▶ Exercise requirements
Leaving out the images, repeat all the lines below exactly.

▶ Provided data
□ □ □ □

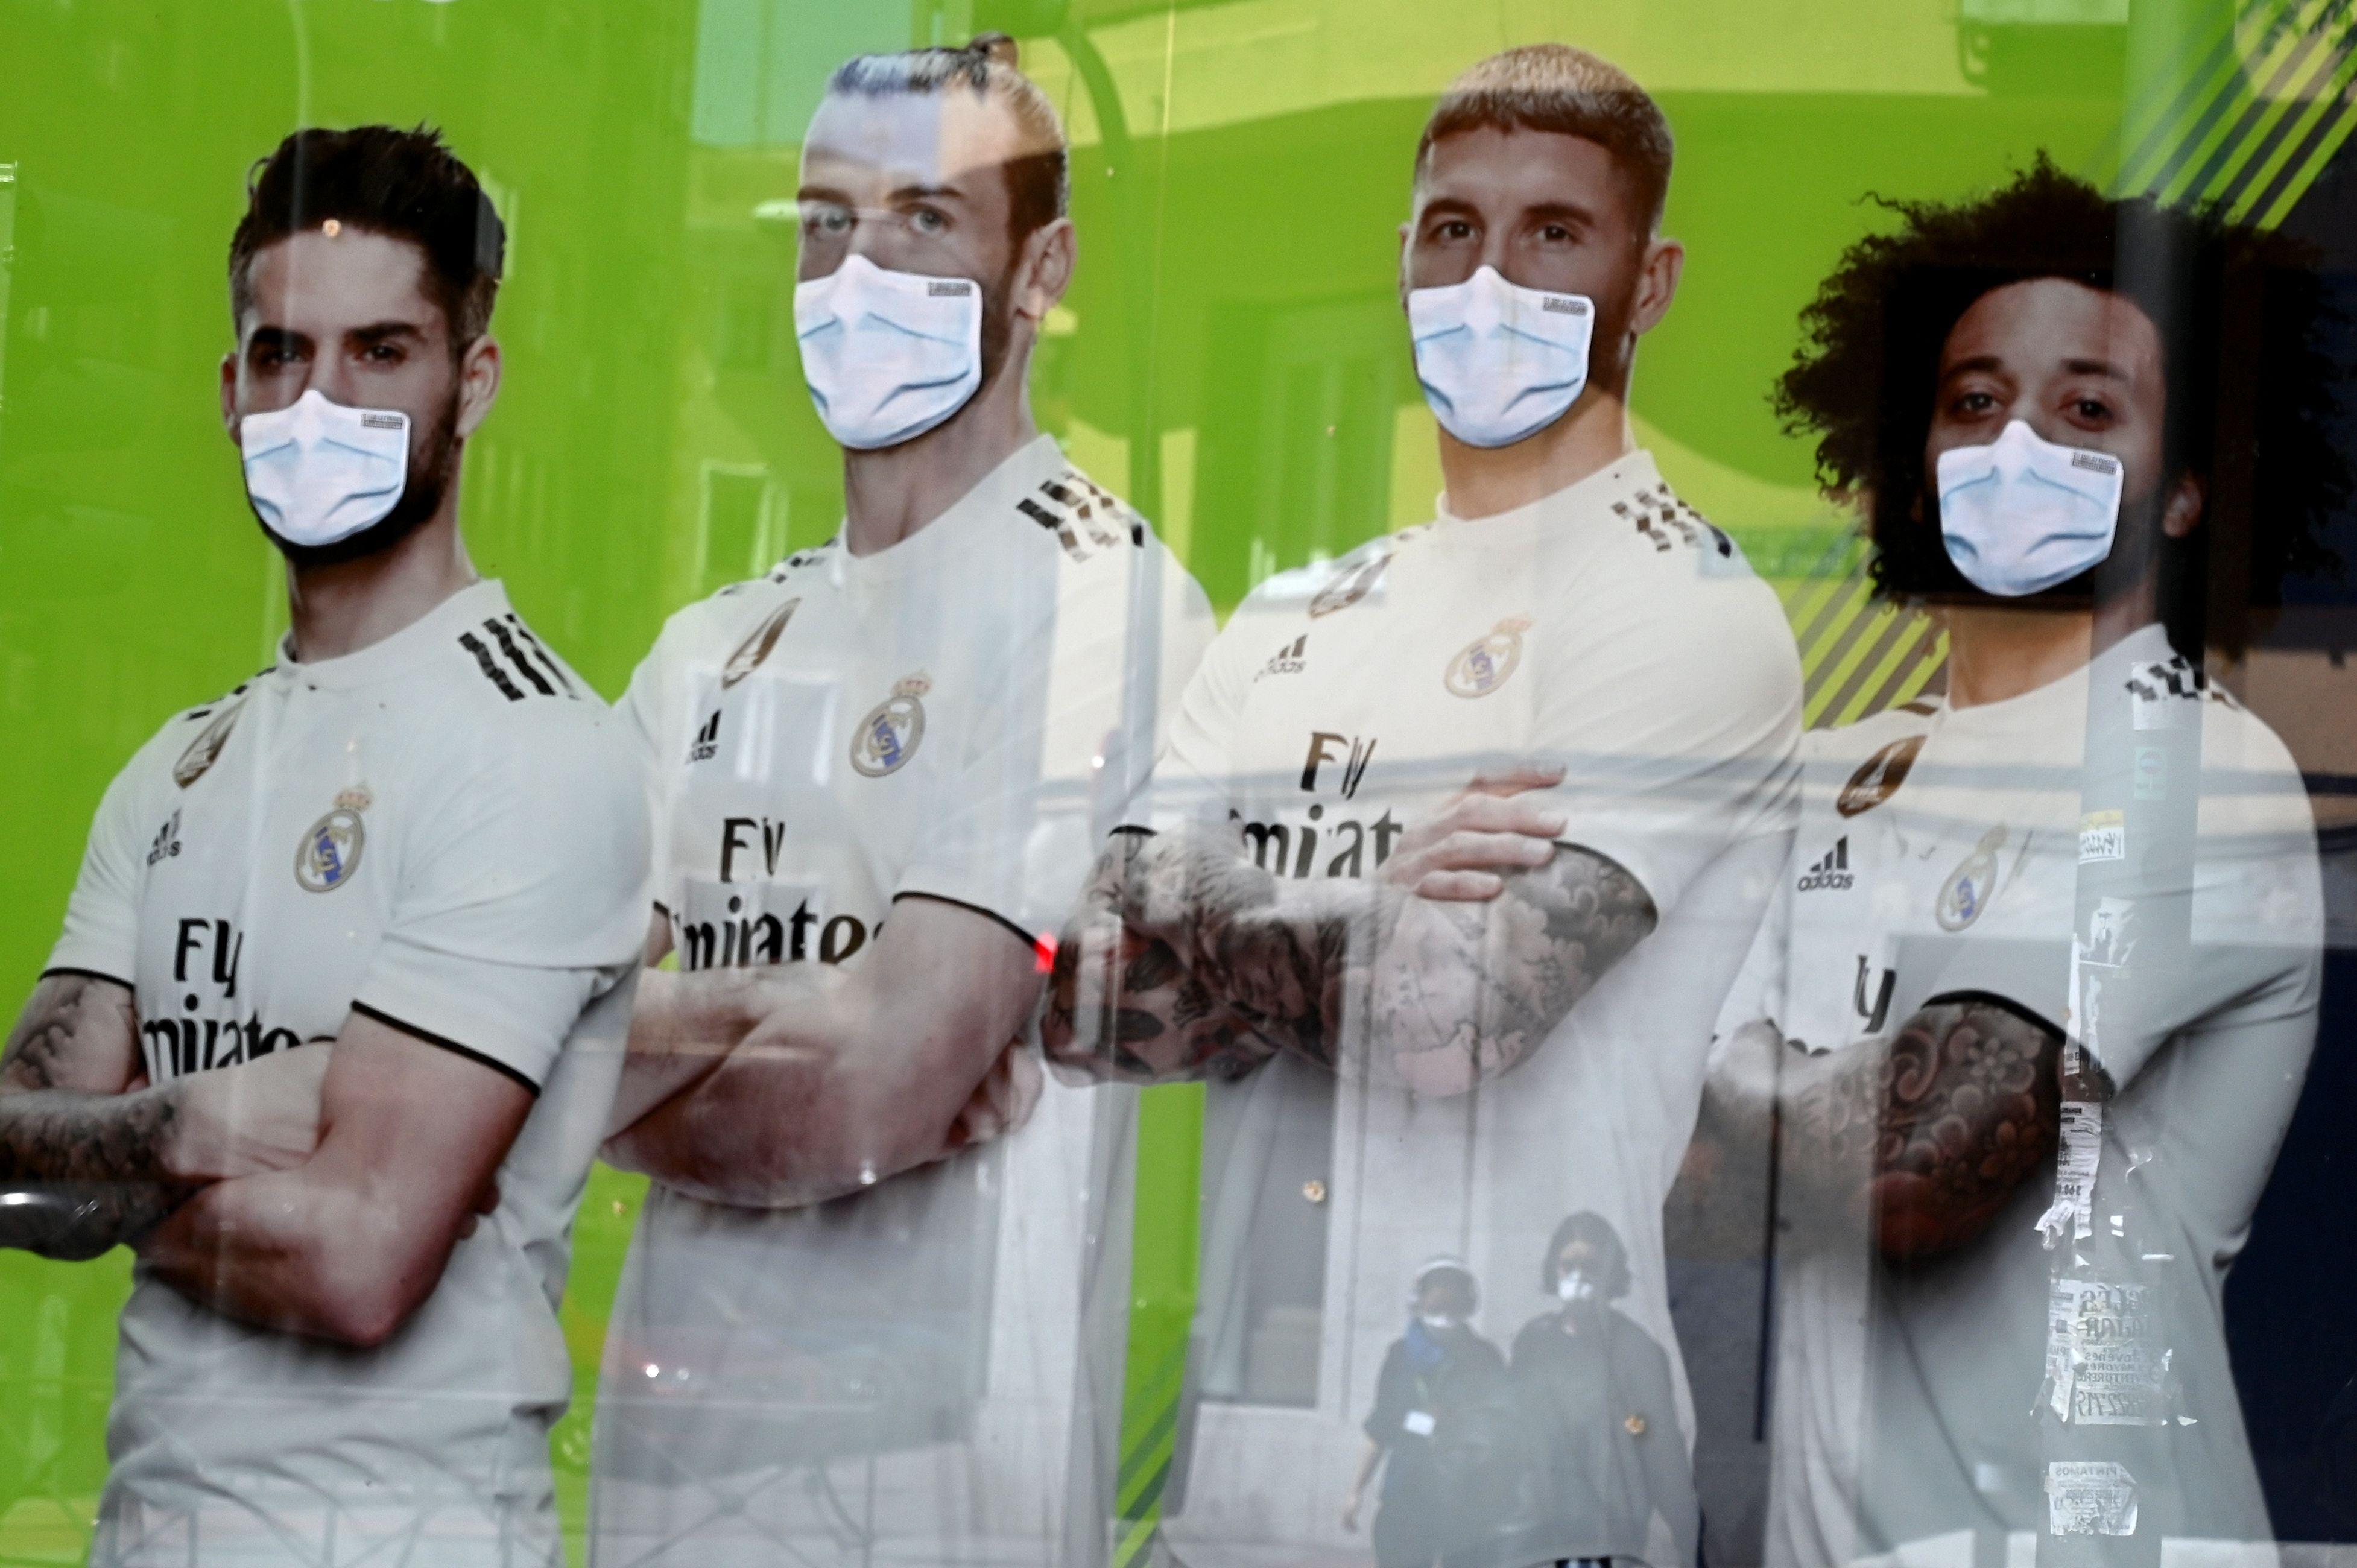 SPAIN-HEALTH-VIRUS-FBL
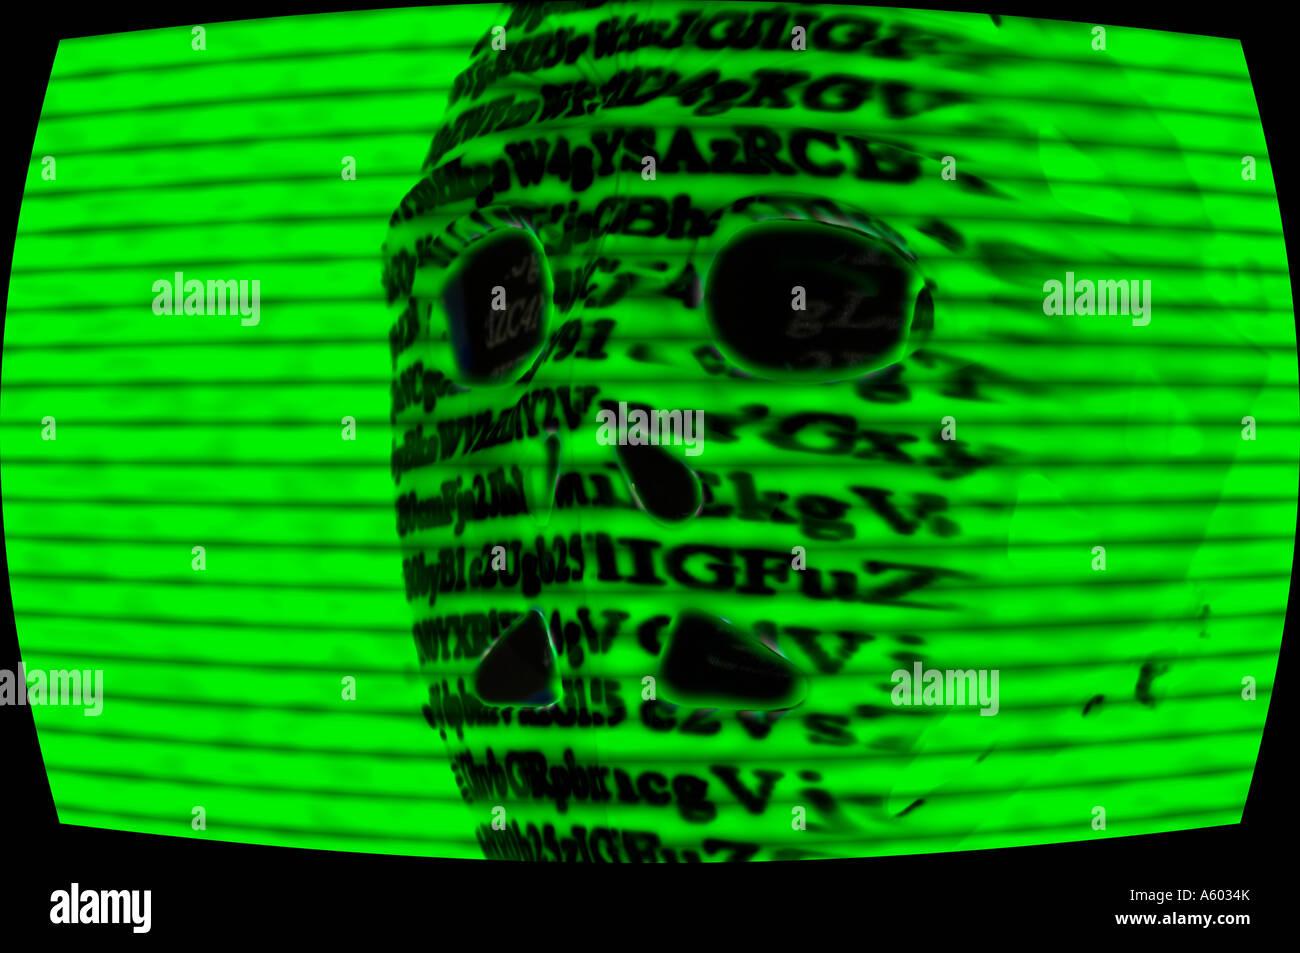 serial killer wearing ski mask shown on closed circuit security camera - Stock Image
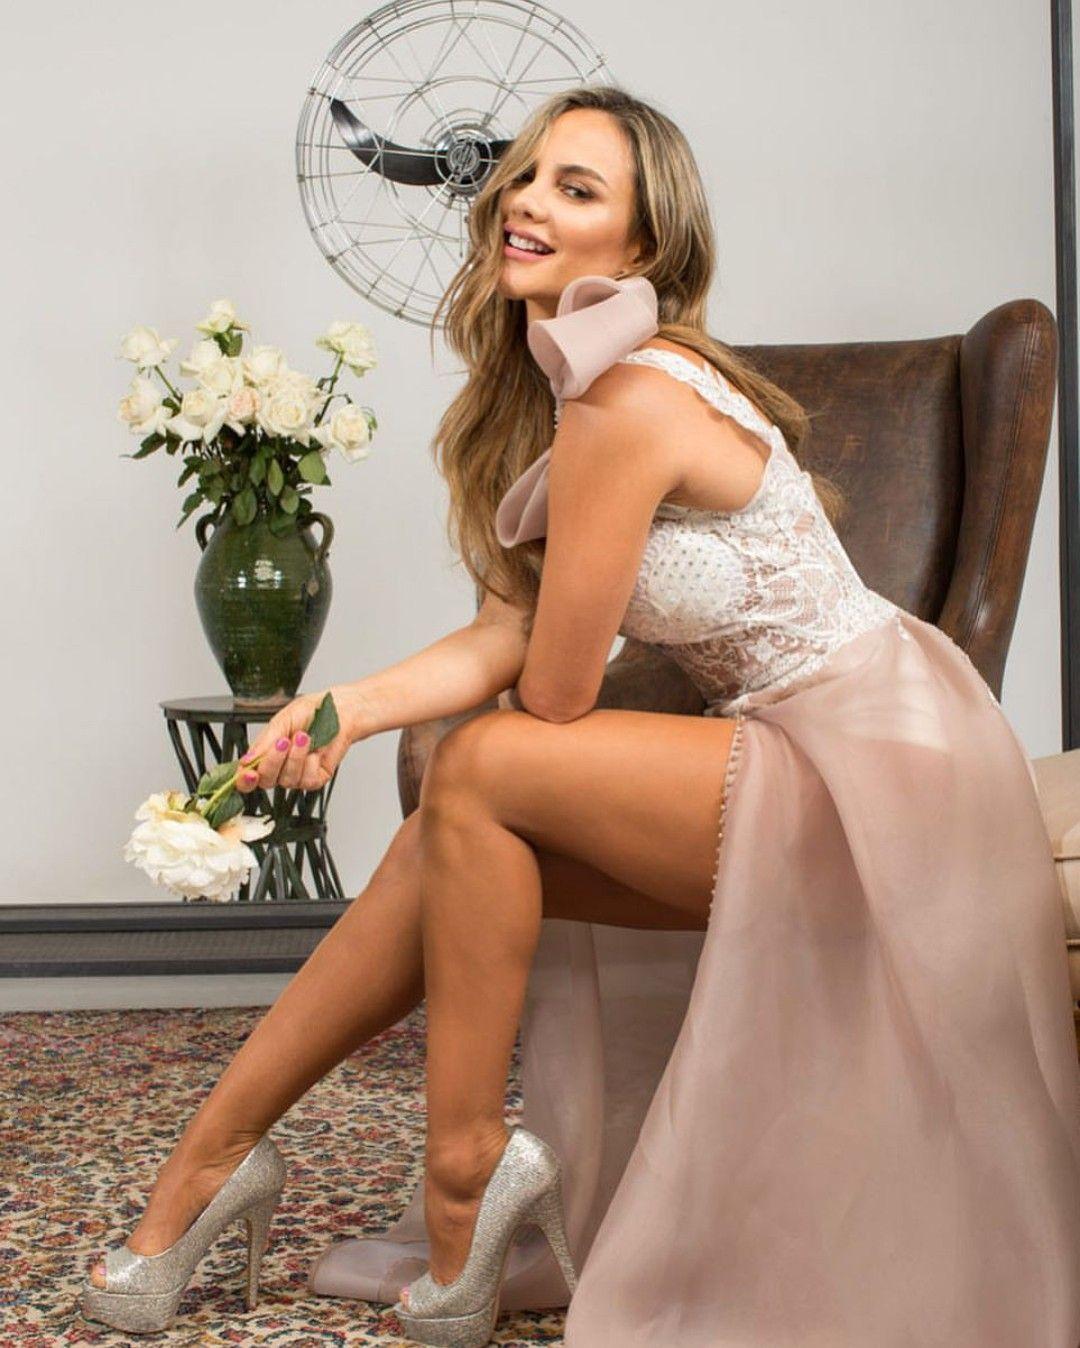 Pussy Ximena Cordoba nudes (46 photos), Sexy, Leaked, Boobs, butt 2015

□ □ □ □

▶ Your response
 SPAIN-HEALTH-VIRUS-FBL
 serial killer wearing ski mask shown on closed circuit security camera - Stock Image
 Pussy Ximena Cordoba nudes (46 photos), Sexy, Leaked, Boobs, butt 2015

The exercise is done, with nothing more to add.